— ASSIGNED TASK —
Return exactly the run of lines that begins at the line containing "Los Reyes Felipe" and ends at the last line of the material below; pictures stay out.

— COLLECTED MATERIAL —
#####

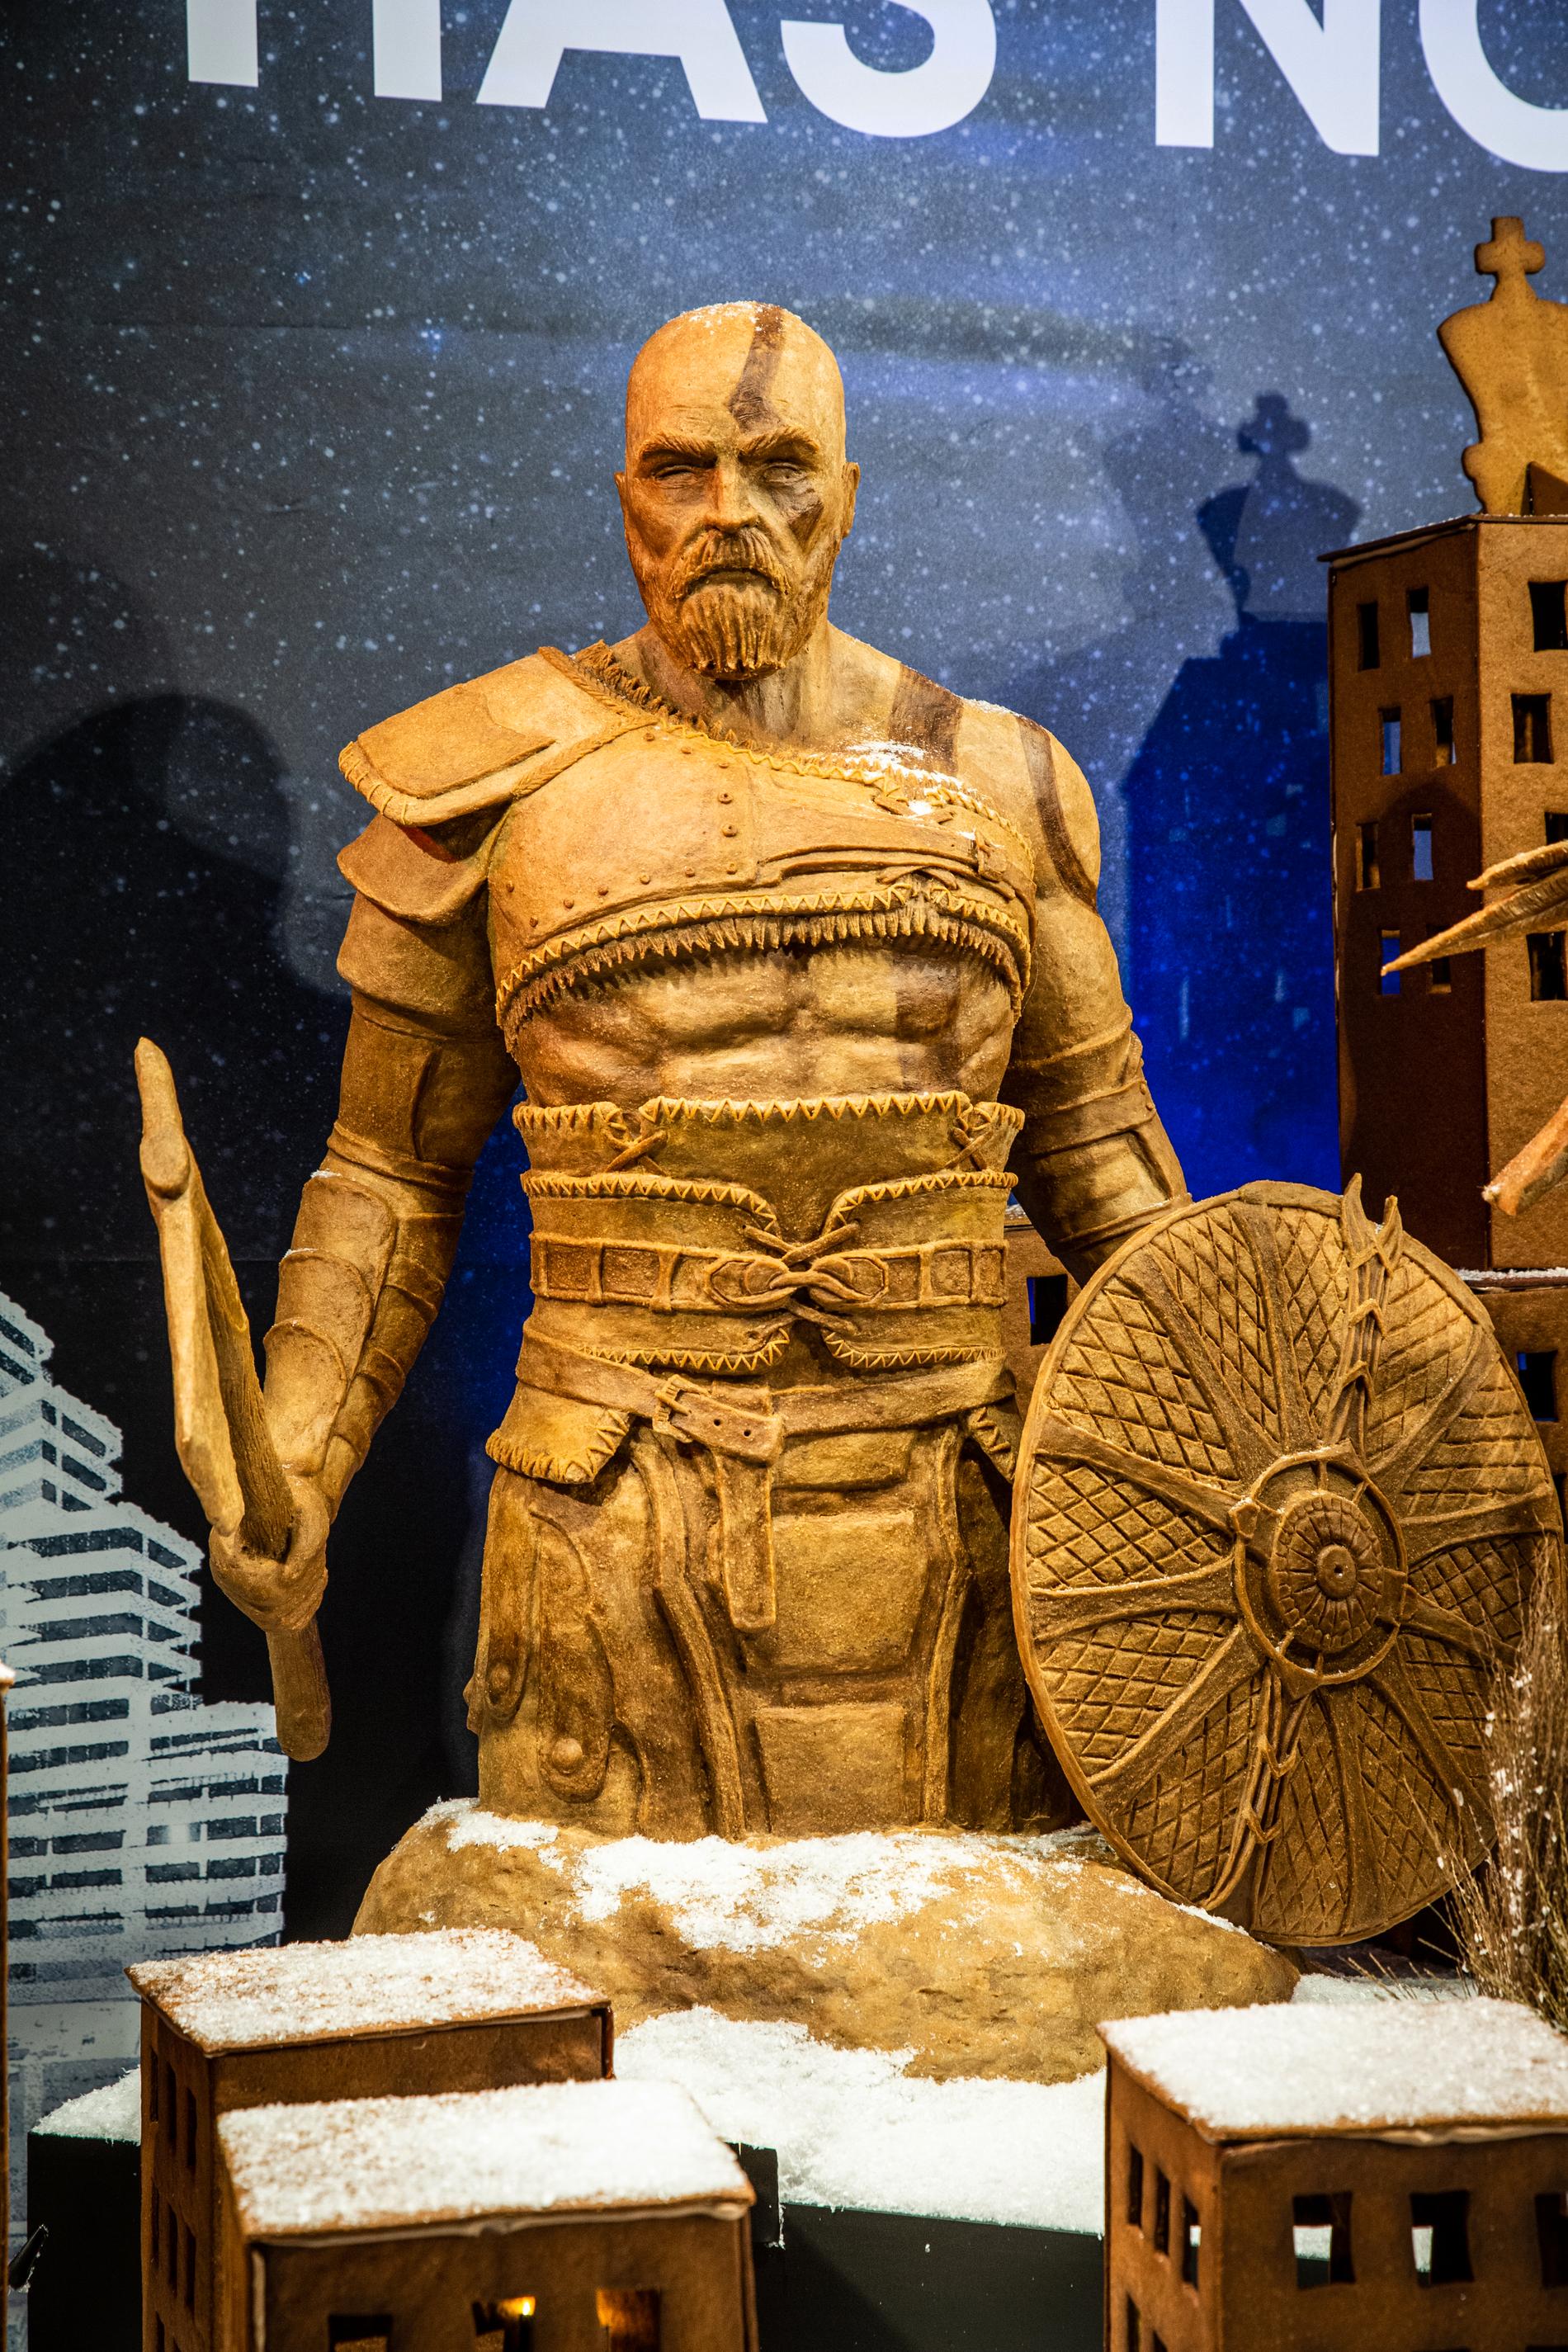 Pepparkakskonst i form av Kratos från ”God of war”.
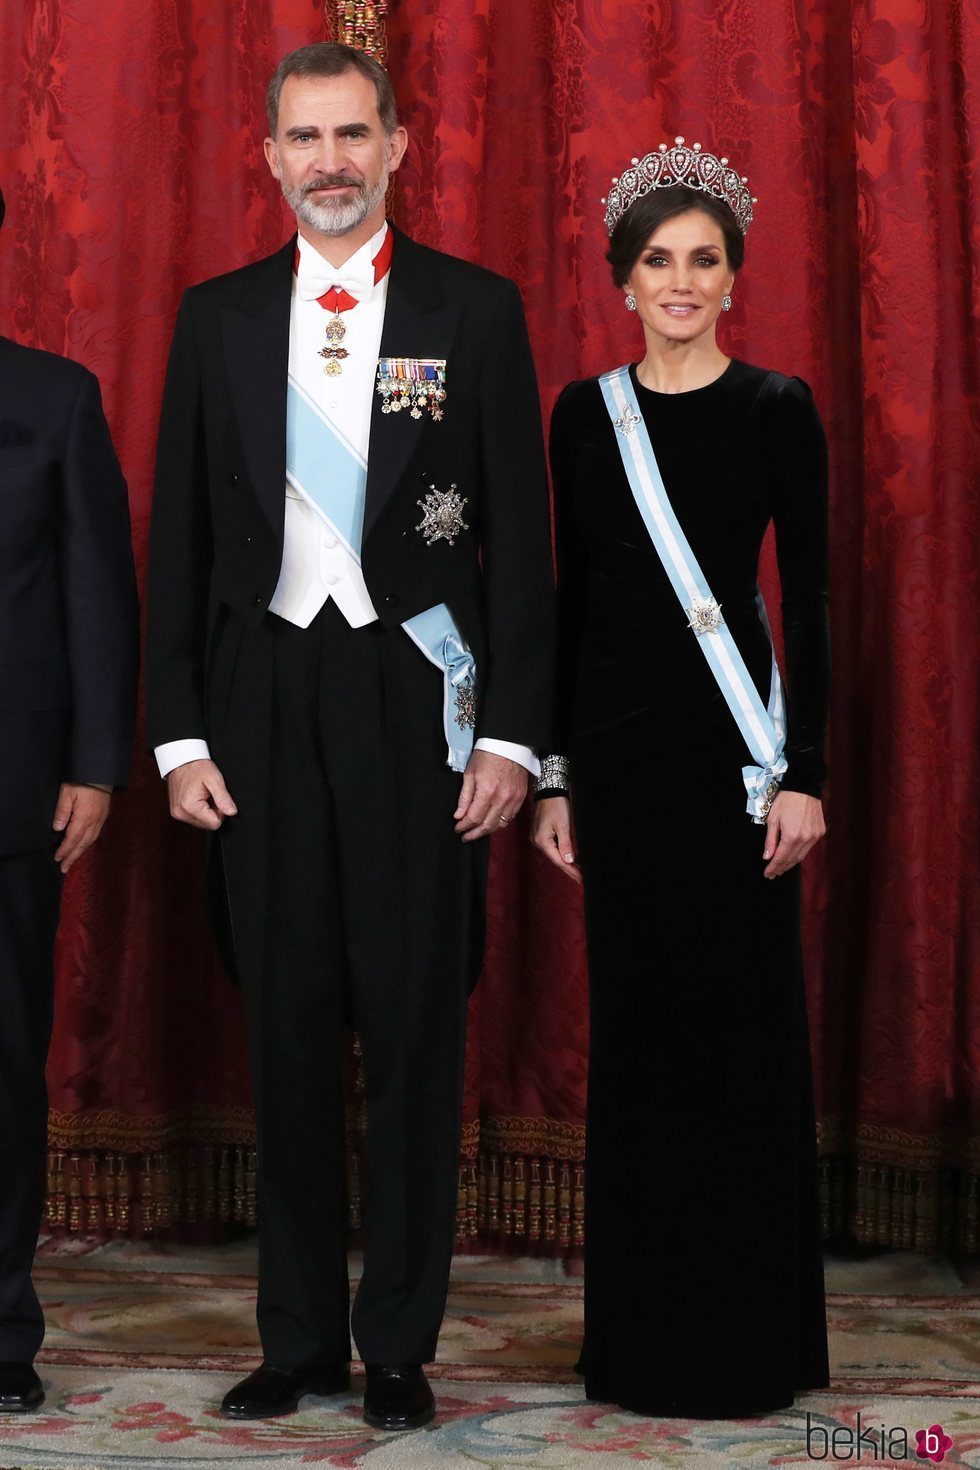 Los Reyes Felipe y Letizia en la cena de gala al Presidente de China
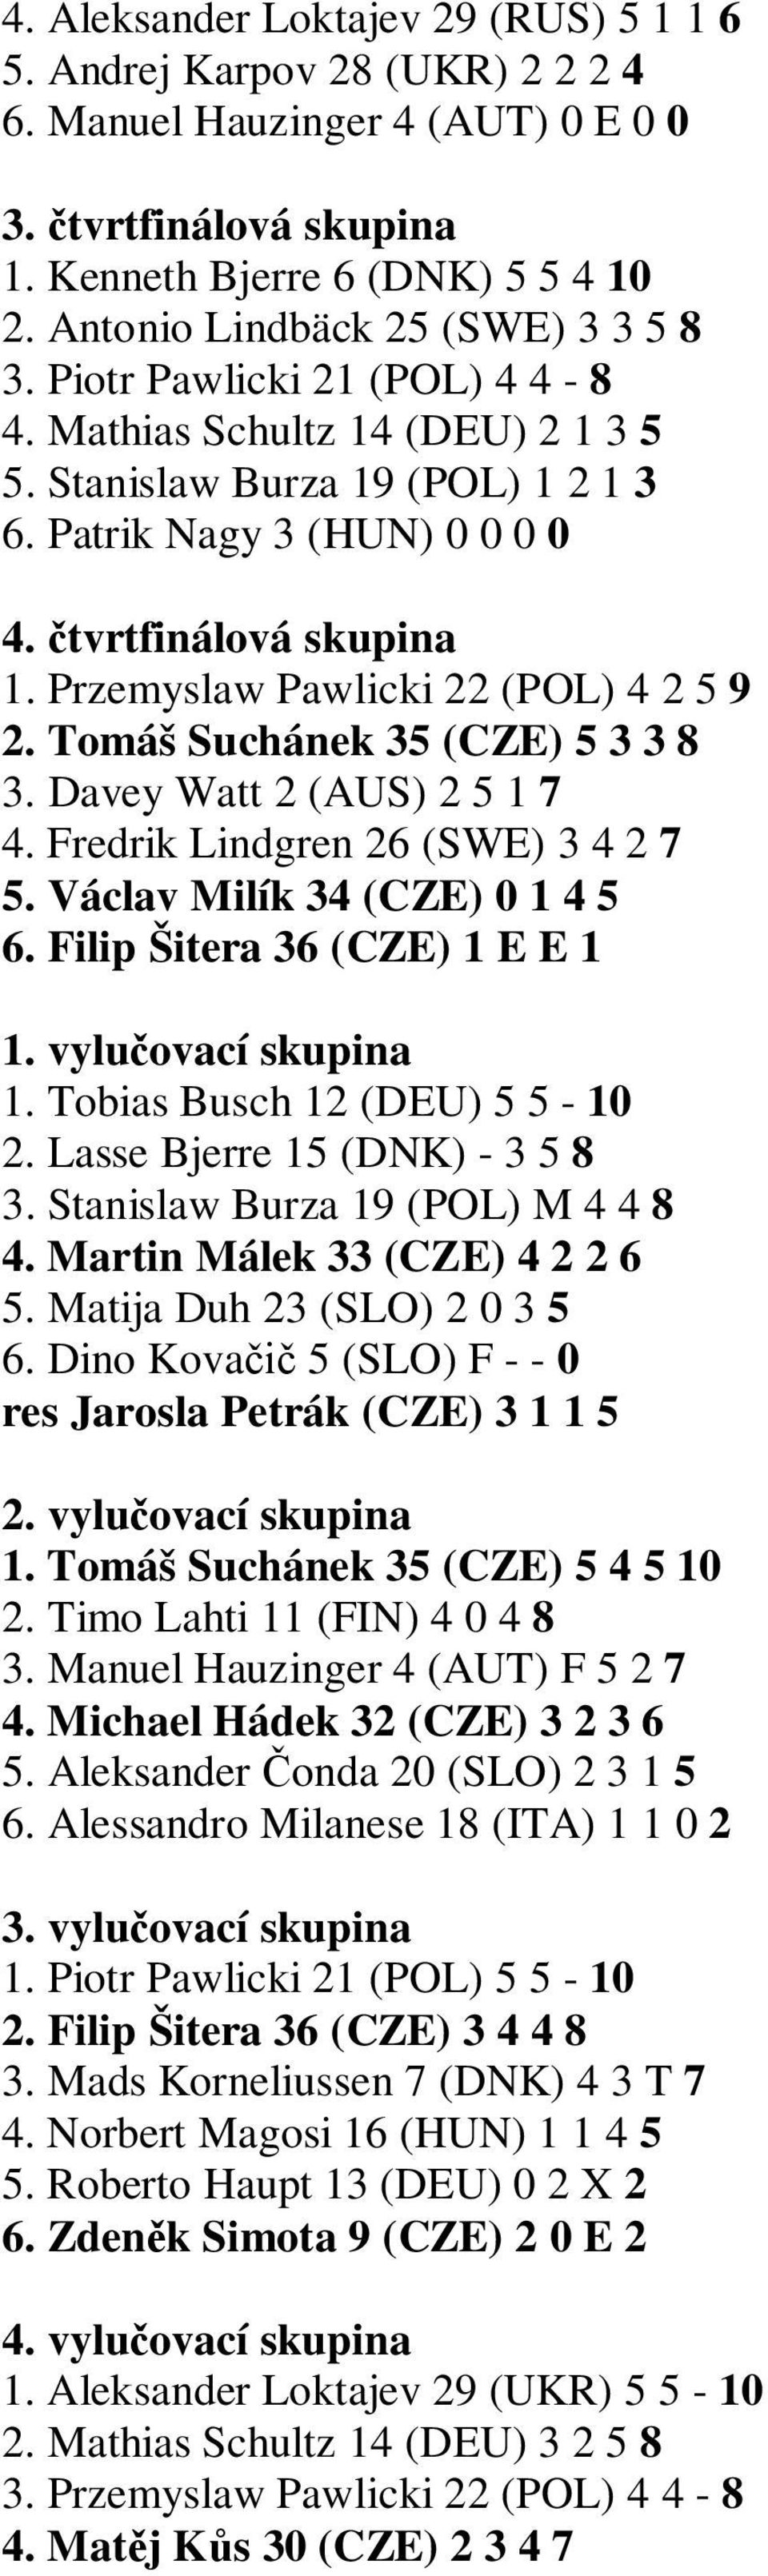 Przemyslaw Pawlicki 22 (POL) 4 2 5 9 2. Tomáš Suchánek 35 (CZE) 5 3 3 8 3. Davey Watt 2 (AUS) 2 5 1 7 4. Fredrik Lindgren 26 (SWE) 3 4 2 7 5. Václav Milík 34 (CZE) 0 1 4 5 6.

#####

— RESPONSE FOR THIS EXERCISE —
 Los Reyes Felipe y Letizia en la cena de gala al Presidente de China
 Przemyslaw Pawlicki 22 (POL) 4 2 5 9 2. Tomáš Suchánek 35 (CZE) 5 3 3 8 3. Davey Watt 2 (AUS) 2 5 1 7 4. Fredrik Lindgren 26 (SWE) 3 4 2 7 5. Václav Milík 34 (CZE) 0 1 4 5 6.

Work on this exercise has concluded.